Niebla spatulata

Scientific classification
- Kingdom: Fungi
- Division: Ascomycota
- Class: Lecanoromycetes
- Order: Lecanorales
- Family: Ramalinaceae
- Genus: Niebla
- Species: N. spatulata
- Binomial name: Niebla spatulata Spjut (1996)

= Niebla spatulata =

- Authority: Spjut (1996)

Species of lichen

Niebla spatulata is a fruticose lichen that grows on small rocks along the foggy Pacific Coast of central Baja California in the Vizcaíno Desert. The epithet, spatulata is in reference to the flattened branches of the thallus, in contrast to another similar species, Niebla flabellata.

==Distinguishing features==

Niebla spatulata is characterized by a fragile thallus divided into irregularly flattened tufted branches spreading from a yellowish orange pigmented holdfast, to 5 cm high and 5 cm across, and by containing the lichen substance hypoprotocetraric acid (without triterpenes but with other unknowns), and by its relatively thin cortex, 35–50(-100) μm thick, in contrast to 45–75 μm thick in Niebla josecuervoi, which also differs by the cylindrical-prismatic branches. The branches of N. spatulata rarely show any definite shape, appearing entirely ribbon-like, or often partly ribbon-like with irregularly dilated parts, or occasionally entirely dilated and variously torn along the margins, all variations seen on a single thallus. Black dot like pycnidia are common and conspicuous along the branch margins and cortical ridges, and at branch tips, their prominence undoubtedly related to the relatively thin cortex.

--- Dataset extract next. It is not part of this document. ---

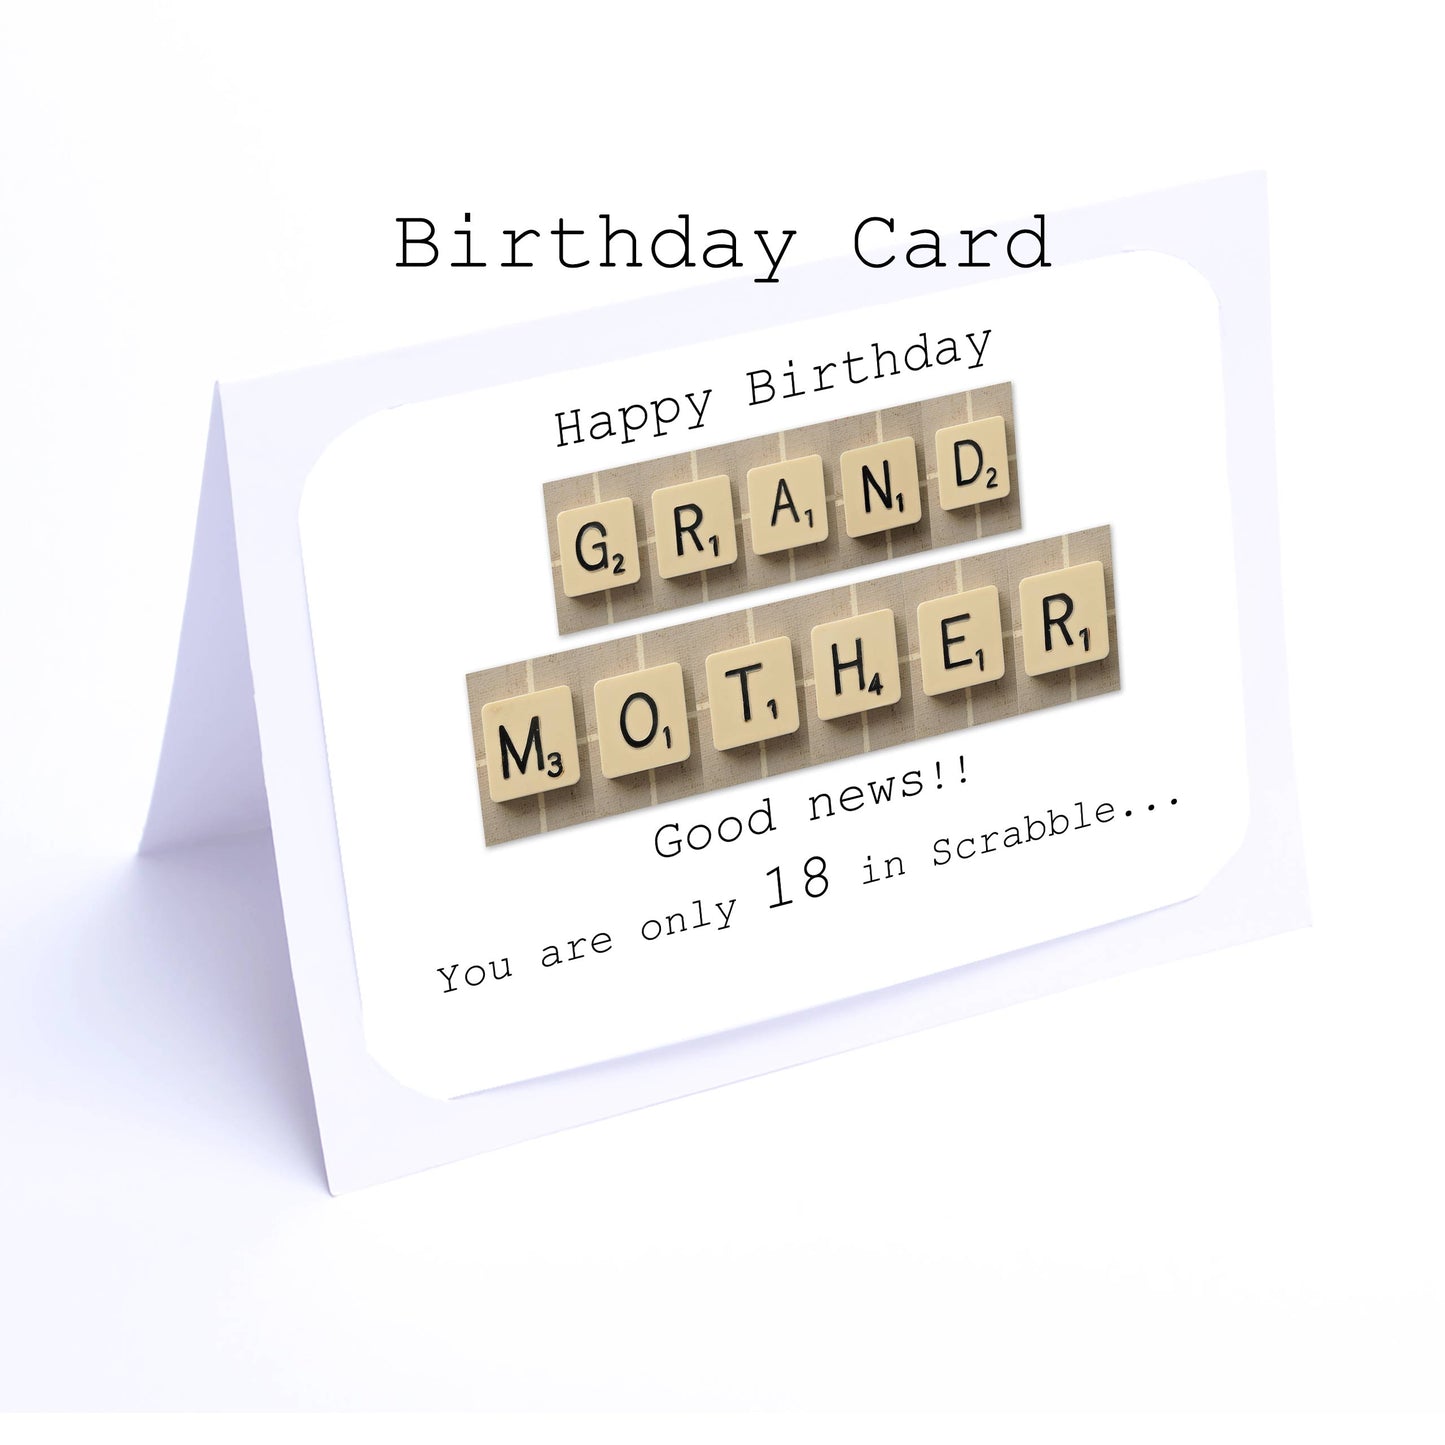 Grandma, Grandparent Birthday Cards

Niebla spatulata is most similar to Niebla flabellata, which appears distinguishable only by its secondary metabolite, salazinic acid. Niebla flabellata is a widely distributed species in the Vizcaíno Desert of Baja California, whereas N. spatulata is of localized occurrence within the range of N. flabellata. Several other widely distributed species that contain salazinic acid in Baja California have related chemotype species that are also of localized occurrence; they are the acid deficient Niebla homaleoides as may be related to Niebla josecuervoi (salazinic acid), the protocetraric acid Niebla pulchribarbara as related to Niebla effusa and Niebla arenaria (salazinic acid), and the hypoprotocetric acid Niebla brachyura compared to N. arenaria. The localized species are largely allopatric in their distribution in Baja California. On a wider geographical scale, depsidone species, which occur only in Baja California, are within the wider geographical range of the depside species that extend to California and to Guadalupe Island.

Although Niebla spatulata has so far been found only with N. flabellata, Niebla pulchribarbara (protocetraric acid) occurs with Niebla palmeri, which differs in having sekikaic acid; both are rare terricolous species with less related lichen biogenetically metabolites, while they are also morphologically similar. There are many other examples of less chemically related species that appear morphologically alike and occur together; e.g., Niebla flabellata (salazinic acid) and Niebla caespitosa (divaricatic acid); Spjut 9073. Terricolous species, which are common in Baja California, are rare in California. They occur primarily on San Nicolas Island. The secondary metabolites as related to terricolous habit show biogeographical relationships, therefore, are also considered to have taxonomic significance in the genus Niebla.

==Taxonomic history==

Niebla spatulata was first collected in the Sierra Hornitos on the Vizcaíno Peninsula, about 5 miles northwest of Bahía Tortugas, 17 May 1986 on white calcareous substrate (shown in Spjut's taxonomic revision of the genus Niebla, Plate 3A). It was later collected on Cedros Island and on the northern peninsula about 40 miles north of Guerrero Negro. The species (N. spatulata) has also been indicated to belong to a broad spectrum of morphological and chemical variation under a single species, Niebla josecuervoi. based on the premise that morphological variation in Niebla, as defined by Spjut, is environmentally induced, and that the chemical variation in the lichen metabolites is chemosyndromic, but all of this remains to be determined, while there have also been inconsistencies noted for the taxonomic treatment under a broad species concept.